If either of these names are taken please let me know I don't want to over step anybody. Thanks


----------



## Old Iowan (Aug 9, 2019)

Very nice....very shinny....Reminds me of the Christmas song "Sliver and Gold"!!


----------



## Island made (Aug 14, 2019)

Old Iowan said:


> Very nice....very shinny....Reminds me of the Christmas song "Sliver and Gold"!!


Thank you! If only they were silver and gold.


----------



## Tree Man (Jun 30, 2016)

I love 'em!!


----------



## 16YearOldWoodturner (Jun 30, 2019)

Island made said:


> Old Iowan said:
> 
> 
> > Very nice....very shinny....Reminds me of the Christmas song "Sliver and Gold"!!
> ...


Is that a challenge.

Edit: looking for sponsors for New Slingshot, sponsorship starts at $1000.


----------



## Island made (Aug 14, 2019)

treeman said:


> I love 'em!!


Awesome ! Glad you like them.
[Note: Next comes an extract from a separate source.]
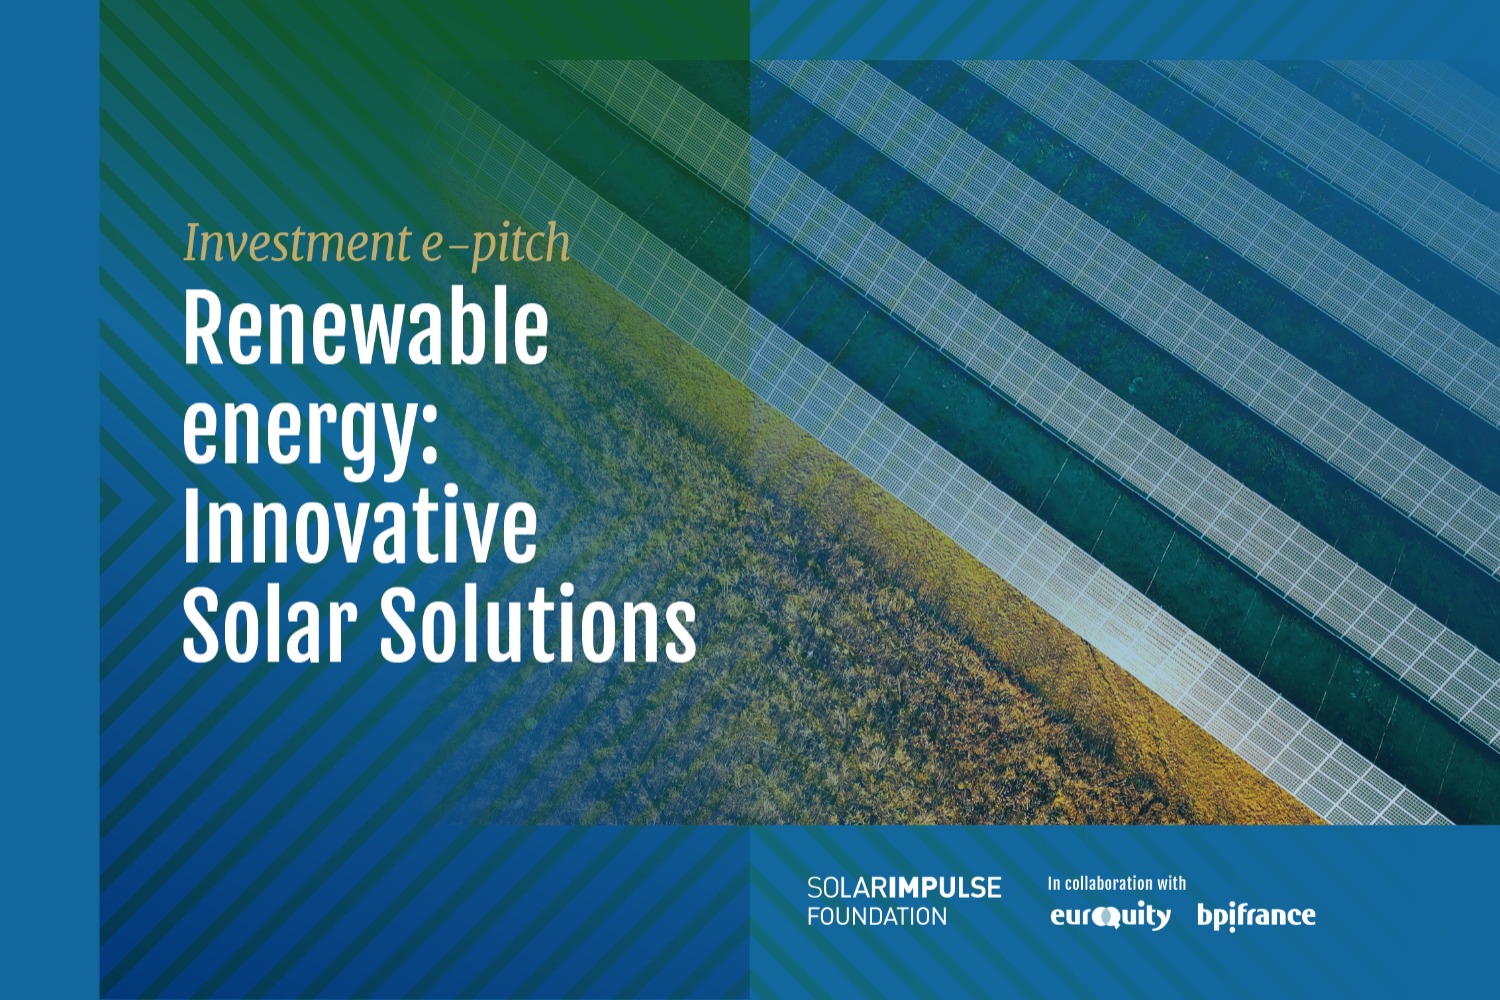 E-Pitch Solar Impulse Investment - "Énergies renouvelables : des solutions solaires innovantes".

Thanks.


----------



## Island made (Aug 14, 2019)

16YearOldWoodturner said:


> Island made said:
> 
> 
> > Old Iowan said:
> ...


If we're gonna do that, we had better cast them, machining would get expensive quick lol


----------



## 31610 (Aug 20, 2017)

nice job m8 liking them fit for a knight in shining armor if he had a catapult :king: sweeet we need to hash out a trade one day .there is a thumper but who cares there has to be 3 or 4 phoenix frames :battle:


----------



## Ordo (Feb 11, 2018)

A knight's slingshot.


----------



## Island made (Aug 14, 2019)

Port boy said:


> nice job m8 liking them fit for a knight in shining armor if he had a catapult :king: sweeet we need to hash out a trade one day .there is a thumper but who cares there has to be 3 or 4 phoenix frames :battle:


Thank you very much.

For sure, Hit me up sometime and we will make something happen!!


----------



## SLING-N-SHOT (Jun 5, 2018)

Beautiful frames Shane, like the new design you and Steve collaborated on

Sent from my iPhone using Tapatalk


----------



## urbanshooter (Aug 23, 2017)

Oooh... that has a nice shape! It kinda has a medieval vibe and it looks like something a knight would take on a quest to kill an evil creature of the night terrorising a poor defenceless village  ...I like it and I think you guys should get a batch cast by Proshot... I'd buy one!


----------



## StringSlap (Mar 2, 2019)

Mine all mine! Hahahahahaaaa!!

Enough evil laughing. Thank you Shane for taking me up on my offer and for making these from scratch for me! I can't imagine not liking these. There's nothing subtle about these big beautiful brutes! Gonna put big bands and big pouches on 'em and shoot big steel! Thank you, thank you, thank you!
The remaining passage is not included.